Yelp Cracks Down on Review Solicitation: What It Means for Your Business
Yelp has done a great job of establishing itself as the go-to source for online reviews—but reviews are a tricky business. Even a few years ago, research showed that 88 percent of consumers trust online reviews as much as personal recommendations from friends and family members. That’s a lot of trust to put into a stranger’s opinion on the internet.
One of the most crucial factors for securing that trust is knowing, for sure, that the review you’re reading was, in fact, submitted by a stranger—and not a representative from the brand they’re reviewing, or someone merely paid to say good things about the company.
Yelp has always had a strict policy about solicited reviews, but lately, it’s been cracking down on strategies that even indirectly encourage user reviews. And if you want to make sure your business—and the reviews attached to it—remain squarely in Yelp’s good graces, there are a few new things you should know.
Why Reviews Matter
Obviously, online reviews are beneficial, as long as you have lots of positive reviews in your corner.
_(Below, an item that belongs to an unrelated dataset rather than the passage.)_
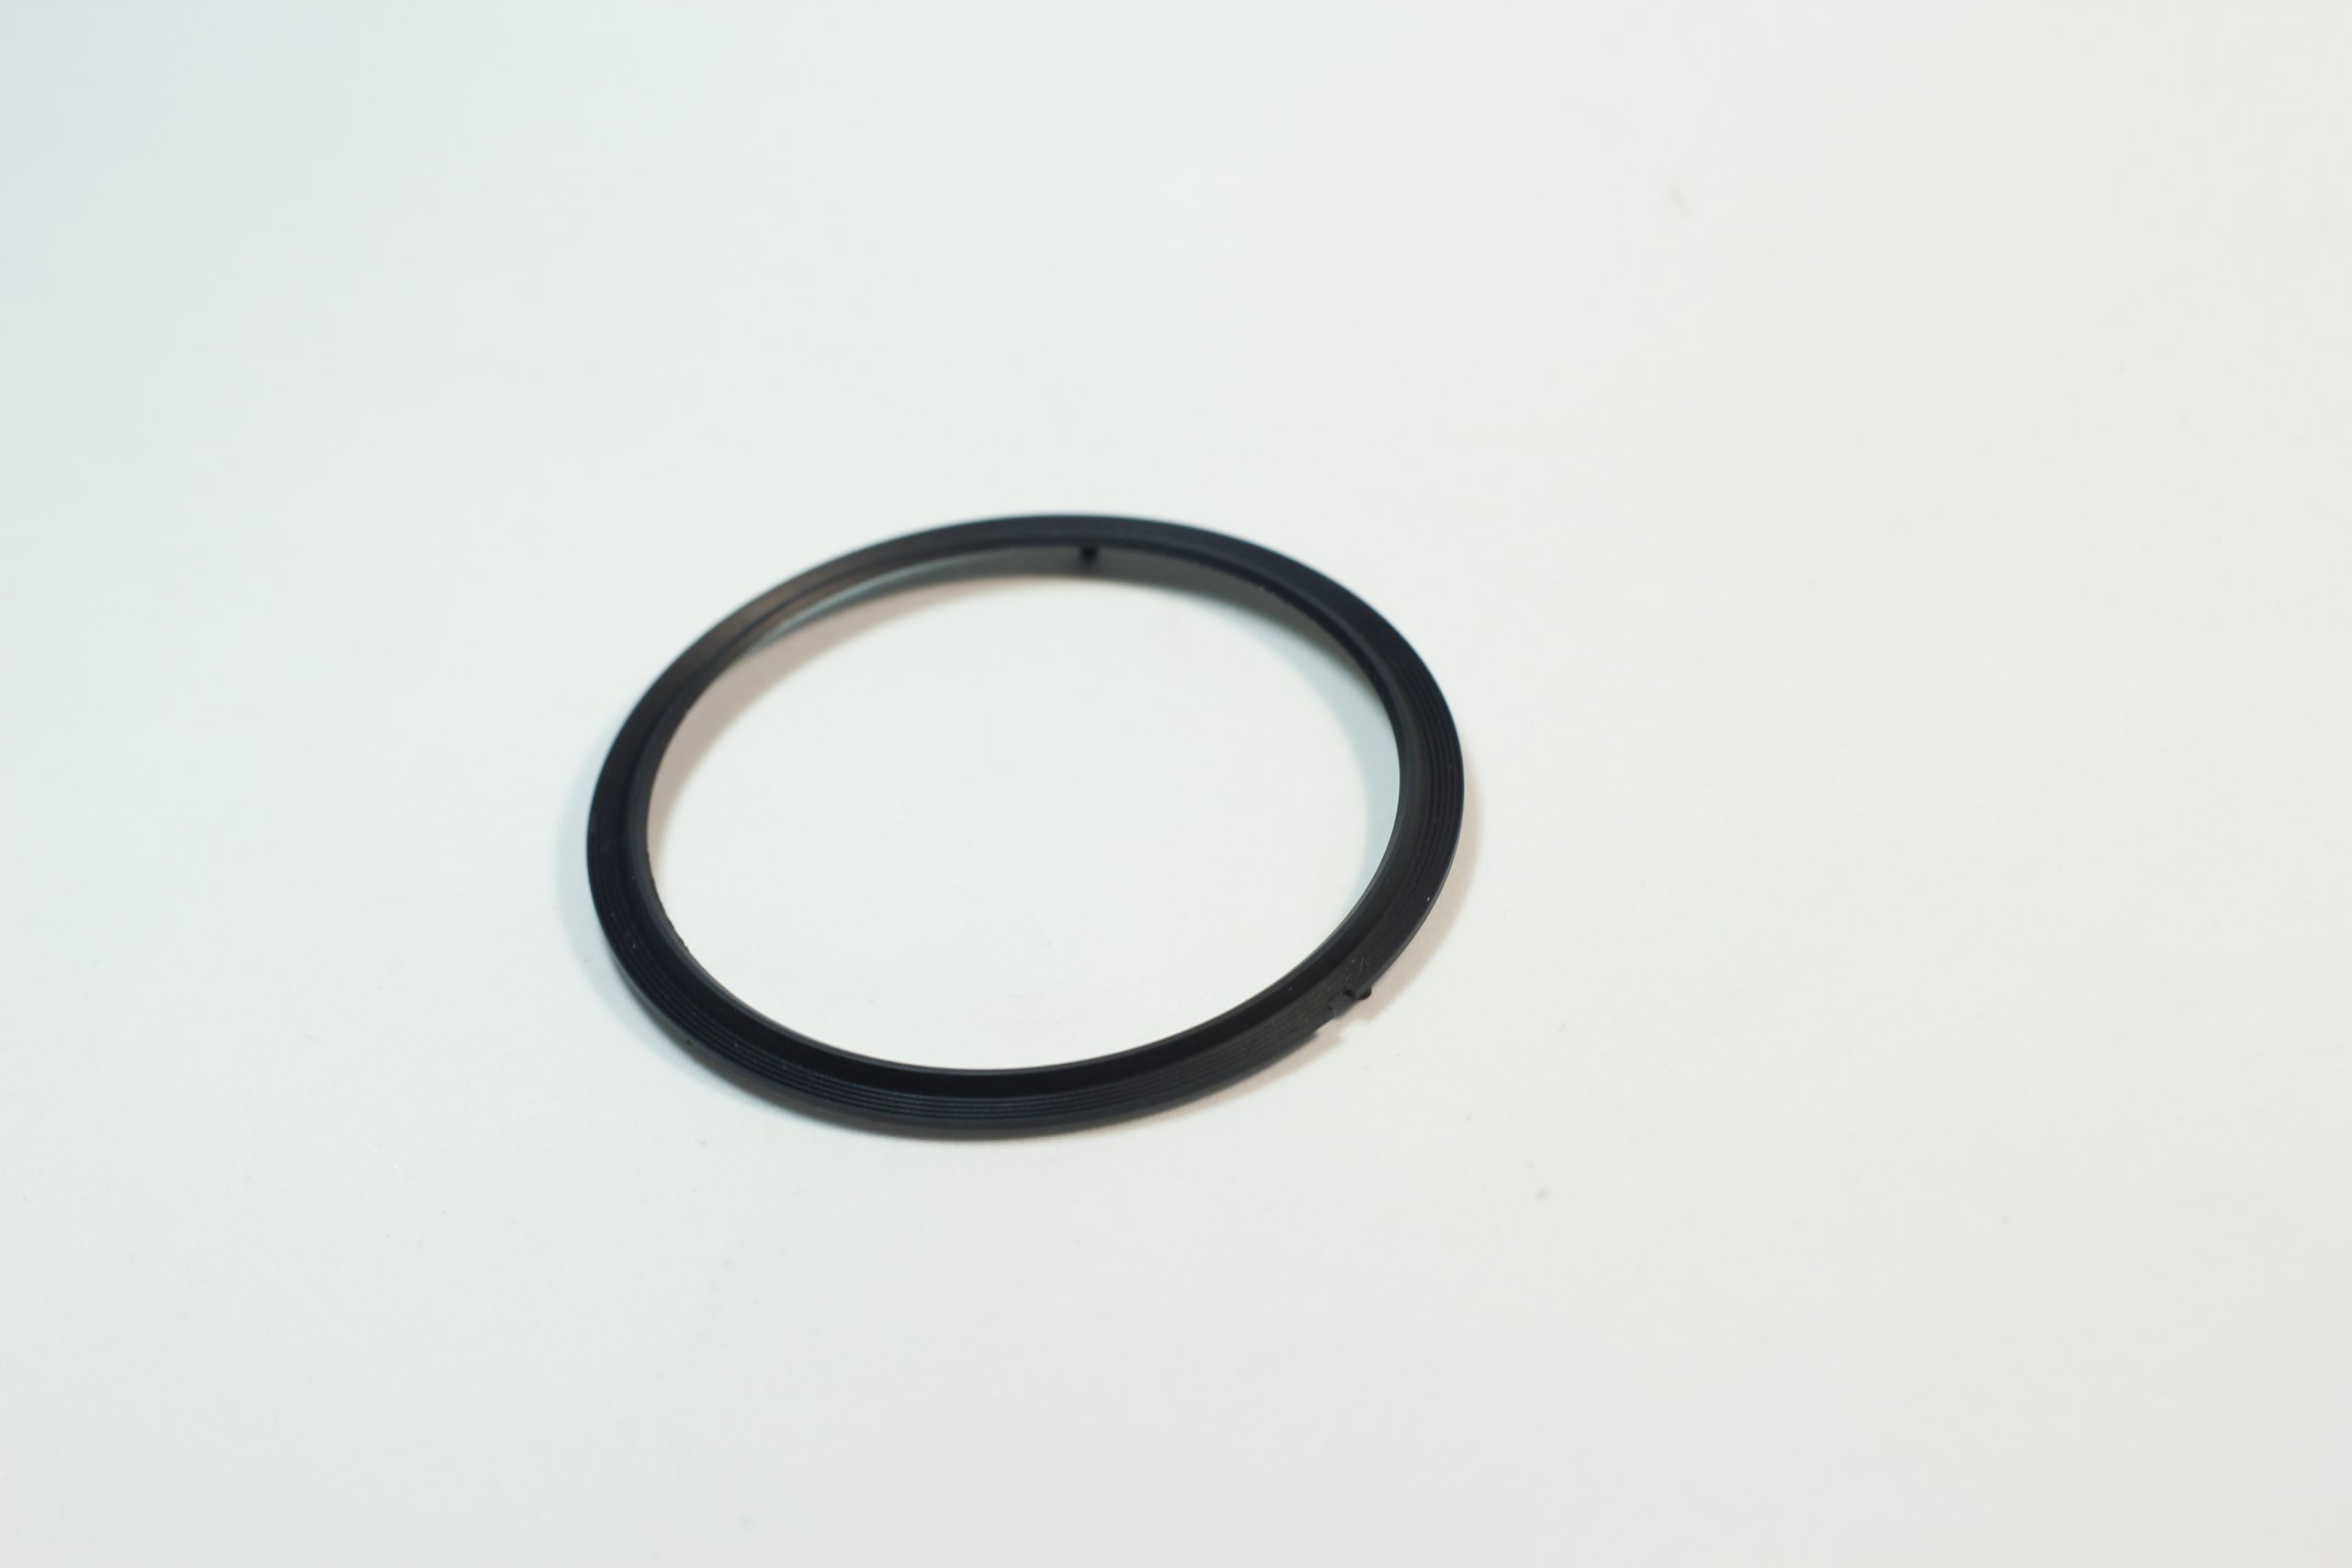 TAMRON 17-50MM 2.8 XR LD NON VC FRONT RING COVER REPAIR PART

Positive reviews give new customers a better impression of your brand, and can boost your company’s visibility in local search results, as well as boosting your presence in the review platform’s search results.
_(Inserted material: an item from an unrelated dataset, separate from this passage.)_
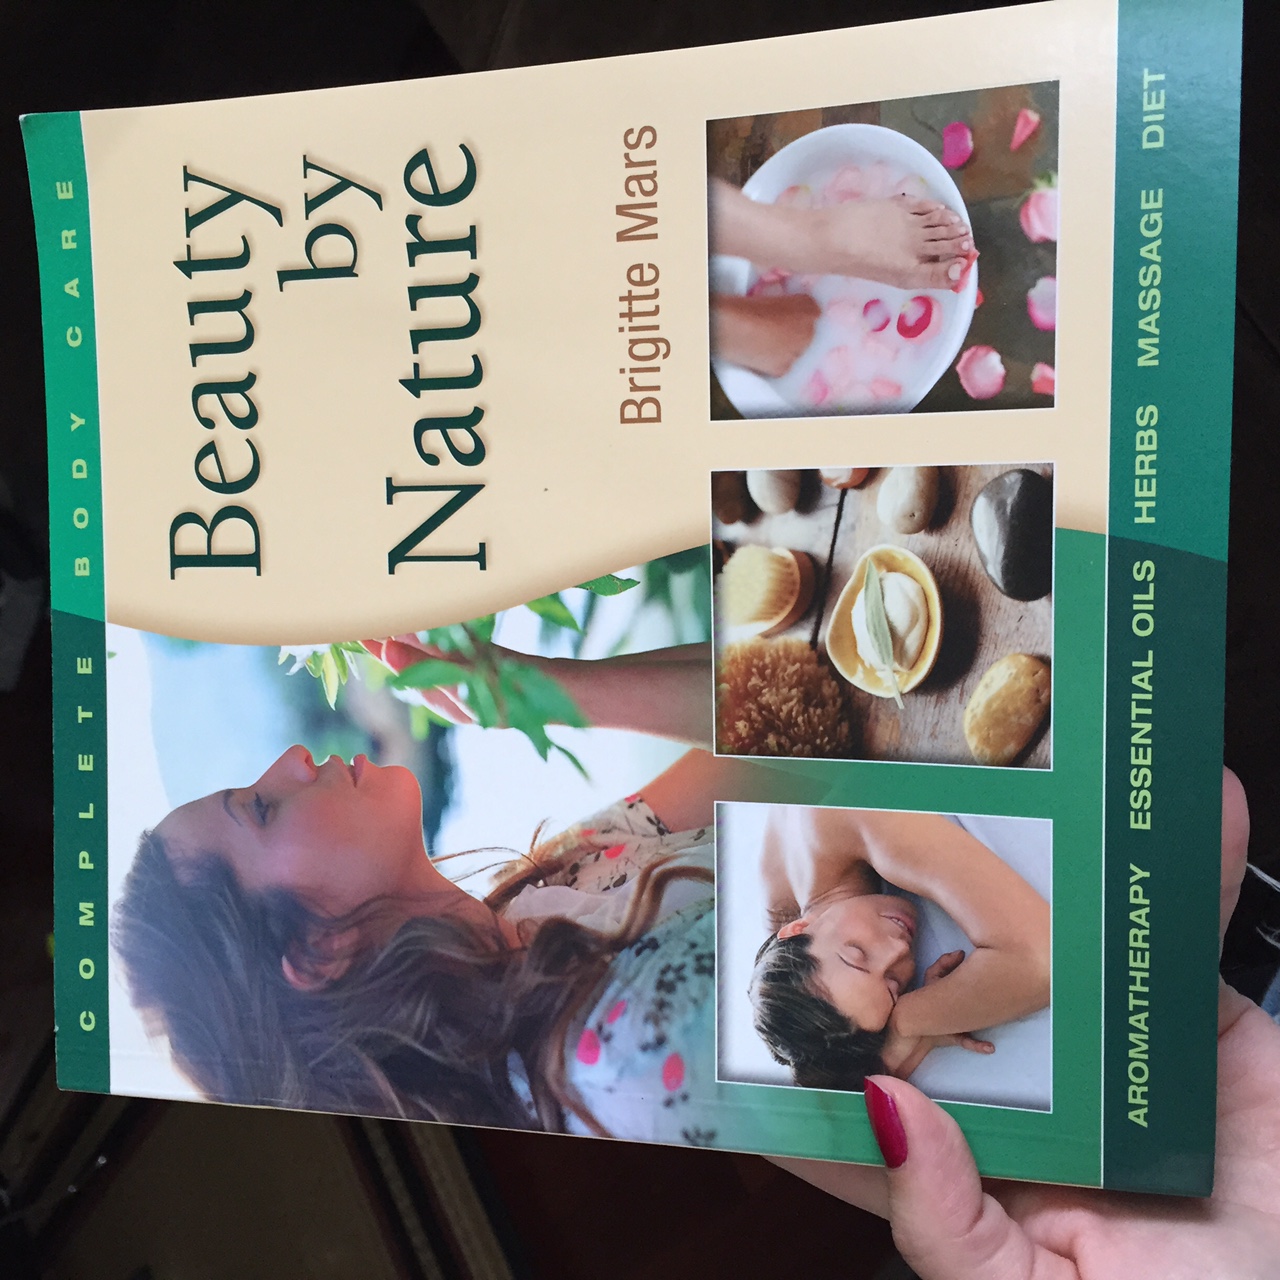 Beauty By Nature Book Review Vegan Beauty Review Vegan And

The exact nature of Google’s search algorithm isn’t publicly available, but generally, the better your reviews are, the higher you’ll rank.
Yelp’s Policy on Solicited Reviews
There’s an incentive for businesses to solicit as many good reviews as possible, but Yelp’s goal is to gain and keep as much consumer trust as possible—which means ensuring that reviews aren’t influenced by businesses in any way.
Most online review platforms ban the practice of paying customers for reviews, or encouraging your employees and relatives to review your company, but Yelp’s policy goes a step further by forbidding companies from even asking for reviews.
From the policy directly:
- “Don’t ask customers, mailing list subscribers, friends, family, or anyone else to review your business.
- Don’t ask your staff to compete to collect reviews.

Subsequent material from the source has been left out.